Aphorisms
Essays About

Fame

I instinctively envy celebrities with their adoring crowds until I remember how little I like to socialize, altering my route on walks to avoid passing long-winded neighbors. I would only have wanted to be a celebrity before cameras and television, when admirers knew your name but not your face, and you could pass among them incognito. Today's celebrities enjoy every luxury except solitude. Like fugitives, they cannot visit the grocery store without hiding in hats and sunglasses. Their fame grants them access to privileged places but bars them from common places. To know yourself seems impossible when everyone knows you. The true self is the unrehearsed self, but spontaneity hides from an audience. I pity presidents who must issue official responses immediately after tragedies, unable like laymen to have a private reaction. They cannot attend to how they feel on account of planning what they must say. Even on private retreats where the press are barred, the protagonists of future history books are seldom alone, for they violate their solitude with the thought of their posthumous biographers.

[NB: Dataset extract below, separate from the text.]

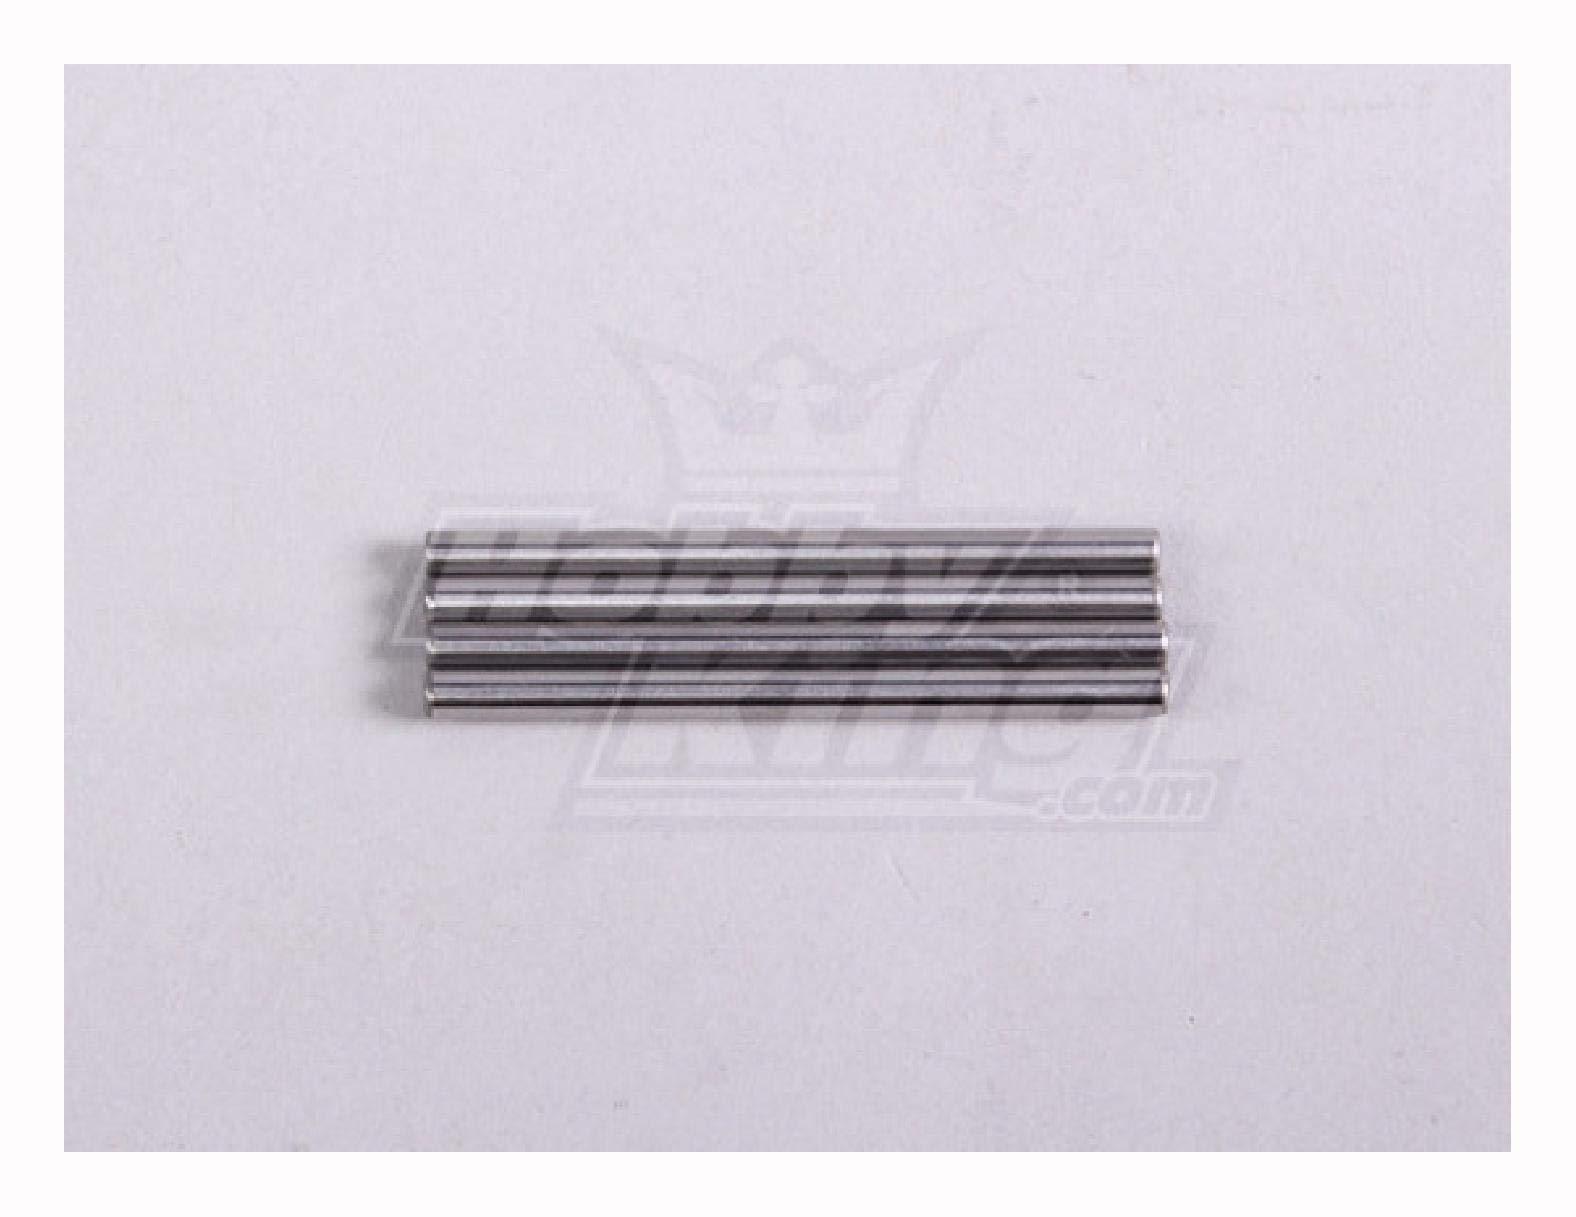 Spare Parts, Pin for Upper Susp. Arm (4pcs/Bag) - A2016T

In fixating on how their fans and critics see them, they evict themselves from the private residence of their soul, giving up inner knowledge for a stranger's view of the exterior.

Privacy is life's consolation prize for worldly insignificance. Whomever the public does not ignore, it enslaves. Fame is like a spice: a little flavors life, but a lot ruins it.

Success, by way of ambition, leads to failure. The more we achieve, the more we think we can achieve; our hopes rise exponentially in relation to our skill. Talented drama students, heartened by the cheers of local audiences, journey to Hollywood after high school, where everyone was a talented drama student, and there are only jobs as extras. The best baseball players in the minor league go to the major league, where they are the worst players. As air bubbles rise through water and dissolve in the atmosphere, the above average rise until they are average. As we ascend the ranks, our status falls.

Most of our successes are so modest as to better resemble failures. The ripples we make in society are detectable only by ourselves. Happily, we are masters at making the most of little. Our small feats appear huge through the microscope of our vanity. We plaster plaques and diplomas on our home office walls, a private shrine to self with one worshipper. We re-read to infinity newspaper clippings that quote us. We slip references to our latest achievements into conversations, as others are otherwise destined to ignorance of them. An internet search gets us giddy that five web pages—out of five hundred billion—mention our name.

The mind's hunger is not like the stomach's. The hungrier the stomach, the more it needs. The hungrier the mind, the less.

For a few days after we die, more people think of us simultaneously than ever did while we were living. Friends not seen for seven years drive seven hours for our funeral. Neighbors remember us to each other while raking their yards. Church ladies compliment our common qualities as rare virtues. Reading our name in newspapers, the whole town sighs for us over breakfast. In a week, the talk is moving on to other topics, and, being dead, we are powerless ever to call attention back to ourselves again.

Our names burn out like light bulbs, briefly flashing before going black.

Could I be any kind of celebrity, I would not be a politician. No celebrity can be admired by everyone, but most celebrities are merely ignored by non-admirers. A famous scientist bores and confuses the masses, who therefore pay no thought to famous scientists. Teenagers who do not like a pop star simply do not buy her albums. But whoever does not like a politician is likely to hate him, because what he produces are not albums but laws. Few can be indifferent toward someone whose actions reach into their lives. Political fame must send confusing signals to self-esteem. Does a president toast his ego that he was elected, or despair that polls show half the nation hates him?

It must grieve dead composers that their symphonies and concertos are regarded by the masses as perfectly suited for background music. The compositions worthiest of analysis go not only unanalyzed but almost unheard, merely filling awkward silence in elevators and waiting rooms, or setting a mood for sipping cocktails or making love. Subtlety and complexity in art sadly tend to undermine themselves. They cost more labor with less effect. They are hard to notice, in proportion as they are hard to create.